In order to further explore the influence by the accuracy of the input indicators to model performance, a sensitive analysis was conducted by taking the maize yield estimation as an example, i.e., a random error was artificially set in each indicator or multi-indicators, and the changes in performance were analyzed. The sensitive analysis method was referred to Cheng, et al.³⁹ and Long, et al.⁸³. The results were showed in Fig. 8. In general, the model still performed good (R² > 0.62 and rRMSE < 20%) when only one indicator had errors, even if a random error between 0 to 40% (−40% to 0) was set. The model results changed the most when the errors were existed in Ts. But these differences among the four indicators was small. However, when the four indicators all had errors, the model performance changed a lot. The R² was decreased to 0.30 when random errors of 0 to 40% were existed in the four indicators and rRMSE was increased to 28.12% when random errors of −40 to 0 were existed, which were the worst situation. As reported in previous studies, MODIS products have errors to different extents. For example, MOD16 ET product showed approximately 15–30% errors in China³⁹. MOD17 GPP product has been evaluated by Liu, et al.⁸⁴ and showed R² varied from 0.21 to 0.90 in China. Be that as it may, the proposed method still performed an acceptable robustness and tolerance when confronted to the uncertainties of indicators accuracy. Which was likely contributed by the correlations among indicators, i.e., when the information of a specific indicator was loss caused by the accuracy errors, the other indicators which have strong correlation, may fill this information gap.

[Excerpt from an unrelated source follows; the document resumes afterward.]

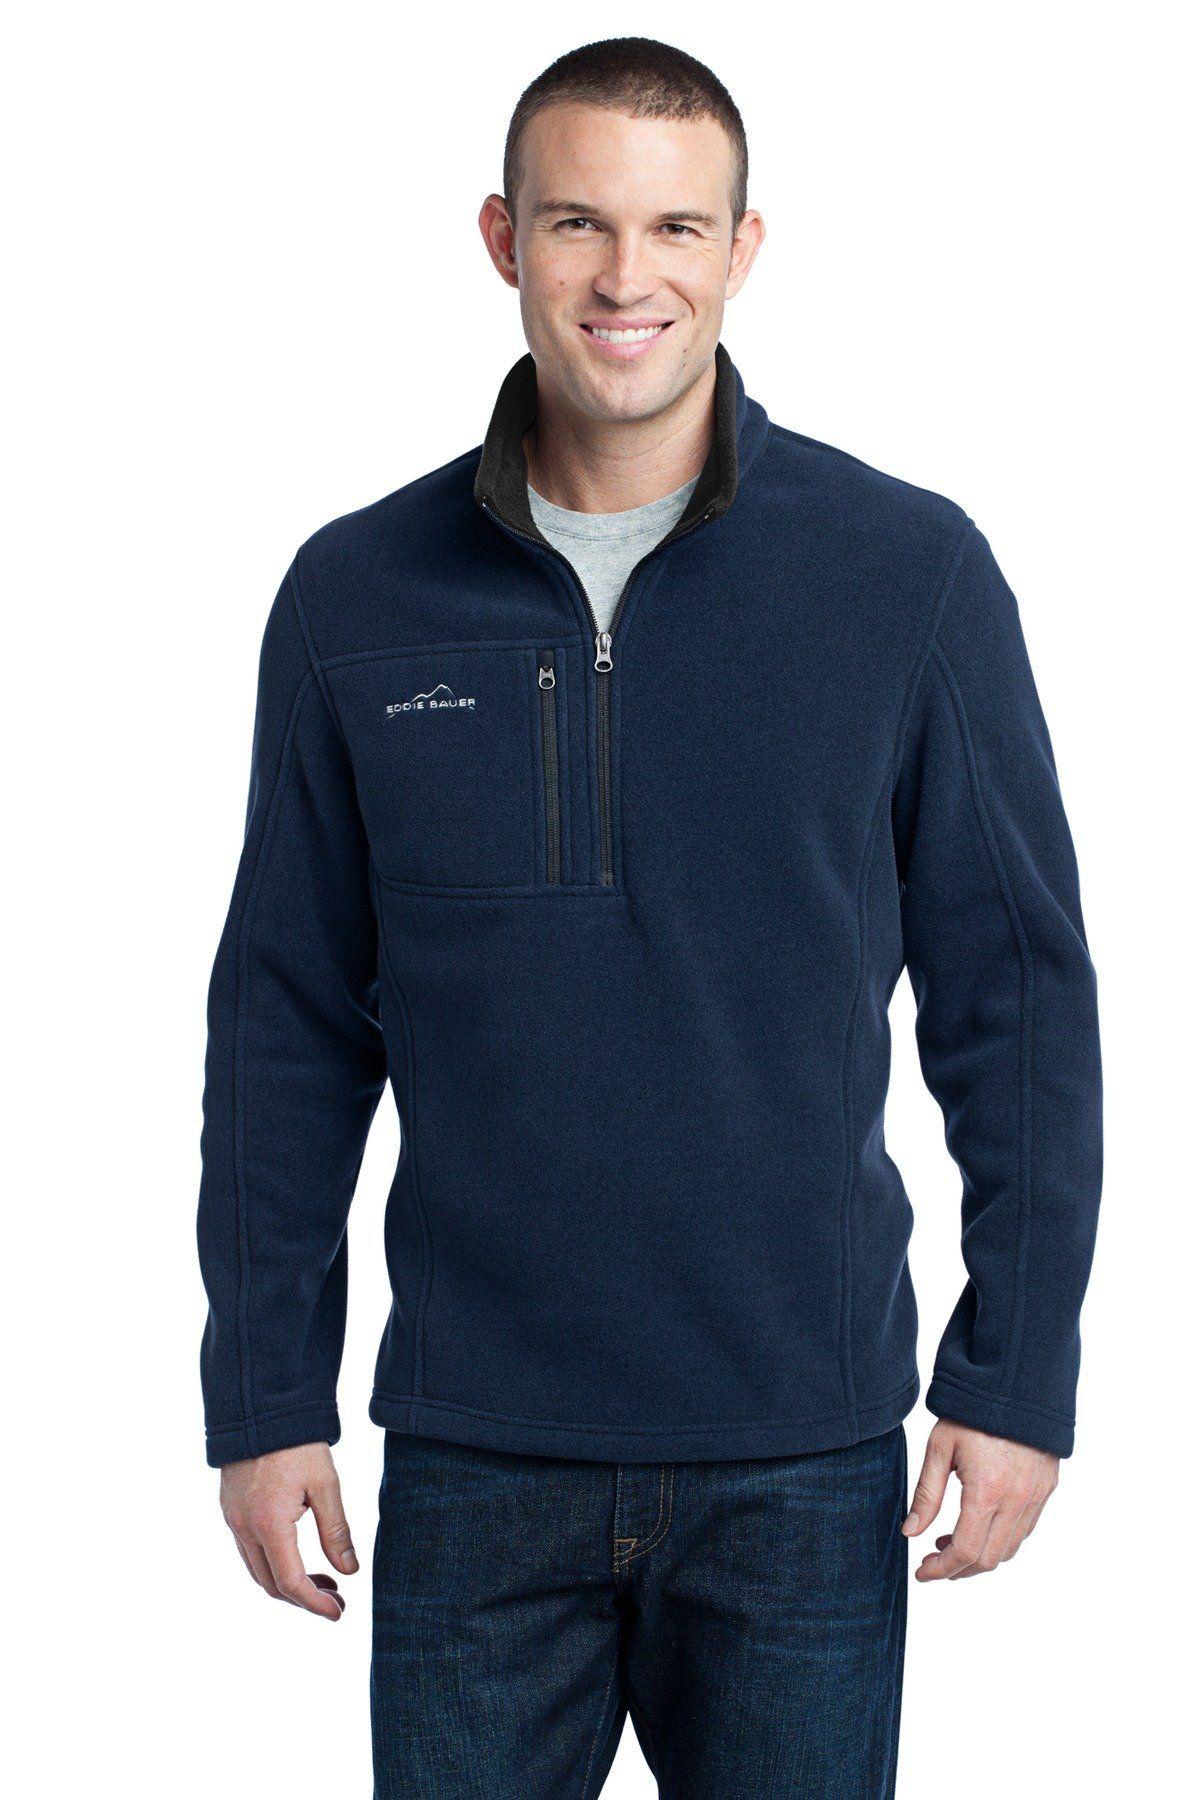 c5524c7f82f Eddie Bauer - 1 4-Zip Fleece Pullover EB202 River Blue

Overall, our proposed model for estimation of maize and wheat yields performed with good accuracy at county-level (rRMSE: 15.36 and 17.17%, respectively) and pixel-level validation (rRMSE: 26.81 and 21.80%, respectively). These levels of accuracy are comparable to, or greater than previous studies^29,32,77 and, although the accuracy of the yield estimates improved with increasing number of input indicators, we found the accuracy of wheat yield estimates was lower than that for maize, possibly as a result of duplicated information among some indicators. We note a lower performance of model estimates of maize and wheat yield performance at the pixel-level than county-level, possibly due to model training by county-level yield data and potential differences in data measurement protocols.

Many scholars have made efforts to estimate CWP. Bastiaanssen and Steduto⁴ estimated the average value of global maize CWP by using WATPRO model as 2.25 ± 0.94 kg/m³; Edreira, et al.⁸⁵ estimated that the CWP of maize in Africa was 1.8 kg/m³ and that in Europe was 2.9 kg/m³ by using meteorological data and crop models. Li, et al.⁸⁶ estimated the CWP of maize in Hetao irrigated area as 2.59–3.34 kg/m³ by using the AquaCrop model. In comparing, the CWP estimated in this study presented relative higher than others (4.14 ± 1.62 and 4.78 ± 2.43 kg/m³ for maize and wheat, respectively), three causes were discussed as follows: (1) as proved in Section 4.1, MOD16 presented a certain underestimation of crop ET, in which, MBE was −0.99 mm/8d for maize and −0.68 mm/8d for wheat; (2) the cumulative ET of the crop growth period in this study was calculated using the ET from V3 stage of maize (emergency or green up stage of wheat) to maturity stage, which was shorter than the whole crop growth period The short time period also caused the lower accumulated ET; (3) this study was conducted covering whole China planting area of maize and wheat, including rainfed and spring maize planting area, which lead the lower ET than irrigated area and summer maize planting area⁸⁵. In general, lower ET estimation caused the higher CWP. Despite all this, the CWP dataset generated in this study presented a certain accuracy and comparability of spatial and temporal.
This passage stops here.